Phase 2 — Routine Construction: PrincipalInvestigator reads summaries, dispatches ExperimentWorker agents, reviews results, assembles routines, submits to RoutineInspector for quality gating. Incremental persistence to disk. PI crash recovery via DiscoveryLedger.

Data models:

  • bluebox/data_models/orchestration/ - DiscoveryLedger, ExperimentEntry, RoutineSpec, RoutineAttempt, RoutineCatalog, RoutineInspectionResult
  • bluebox/data_models/api_indexing/ - NetworkExplorationSummary, StorageExplorationSummary, DOMExplorationSummary, UIExplorationSummary

Important Patterns

  • Routine Execution: Operations execute sequentially, maintaining state via RoutineExecutionContext
  • Placeholder Resolution: All parameters use {{paramName}} format; Parameter.type drives coercion at runtime
  • Session Storage: Use session_storage_key to store and retrieve data between operations
  • CDP Sessions: Use flattened sessions for multiplexing via session_id
  • Agent Tools: Decorate with @agent_tool().

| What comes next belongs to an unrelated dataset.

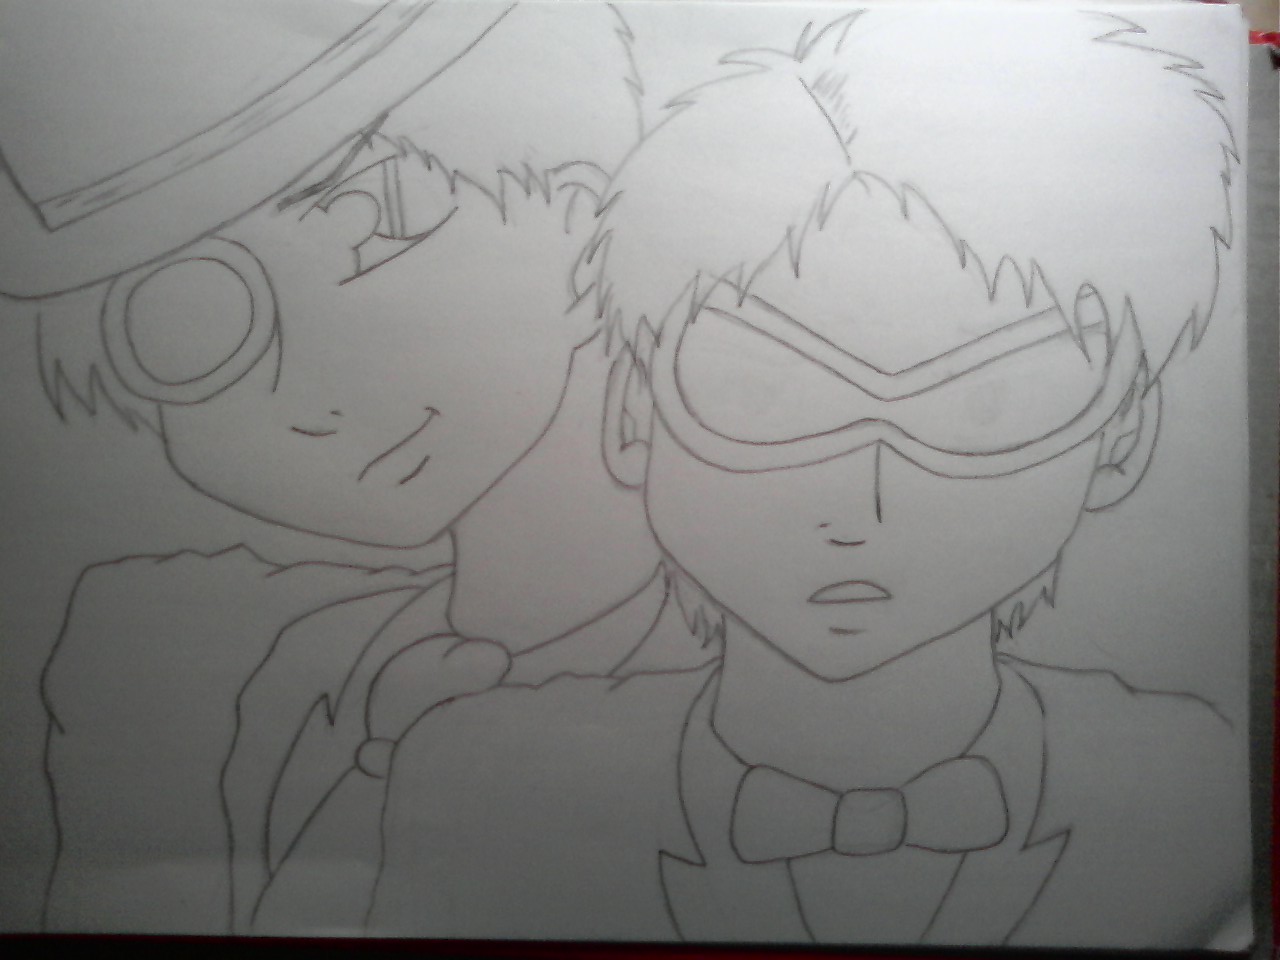 Kaito Kid & Tuxedo Mask  - request for NPG (unfinished) by idoodle

Supports persist (NEVER/ALWAYS/OVERFLOW), max_characters, and token_optimized parameters
  • Agent Card: Every concrete AbstractAgent subclass must declare an AGENT_CARD

Common Gotchas

  • All parameters use uniform "field": "{{param}}" format; Parameter.type handles coercion
  • Chrome must be running in debug mode on 127.0.0.1:9222 before executing routines
  • Runtime placeholders (sessionStorage, localStorage, cookie, meta) are resolved in the browser, not Python-side
  • All parameters must be used in the routine (validation enforces this)
  • Builtin parameters (epoch_milliseconds, uuid) don't need to be defined in parameters list

Testing

Test Structure

  • Unit tests in tests/unit/
  • Test data in tests/data/input/ and tests/data/expected_output/
  • Use pytest fixtures from tests/conftest.py

Writing Tests

  • Test files should start with test_
  • Test functions should start with test_
  • Use descriptive test names
  • Test both success and failure cases
  • Test edge cases and validation

Running Tests

  • Prefer running single tests or test files for faster iteration
  • Run full test suite before committing: pytest tests/ -v
  • Benchmarks validate routine discovery pipeline: python scripts/dev/run_benchmarks.py

Environment Setup

Prerequisites

  • Python 3.12.3+ (use pyenv install 3.12.3 if needed)
  • Google Chrome (stable)
  • uv (recommended) or pip
  • OpenAI API key (set OPENAI_API_KEY environment variable)

Virtual Environment

  • Always use a virtual environment
  • Activate before working: source bluebox-env/bin/activate
  • Install dependencies: uv pip install -e . or pip install -e .

Environment Variables

  • OPENAI_API_KEY - Required for routine discovery
  • Can use .env file with python-dotenv (loaded automatically with uv run)

Repository Etiquette

Branch Naming

  • Use descriptive branch names
  • Examples: feature/add-new-operation, fix/placeholder-resolution, refactor/cdp-connection

Commits

  • Write clear, descriptive commit messages
  • Reference issues when applicable
  • Separate logical changes into different commits

Pull Requests

  • Add tests for new features
  • Ensure all tests pass: pytest tests/ -v
  • Update documentation if needed
  • Follow existing code style

Example Routines

  • example_data/example_routines/amtrak_one_way_train_search_routine.json - Train search example
  • example_data/example_routines/download_arxive_paper_routine.json - Paper download example
  • example_data/example_routines/massachusetts_corp_search_routine.json - Corporate search example

Use these as references when creating new routines or understanding the routine format.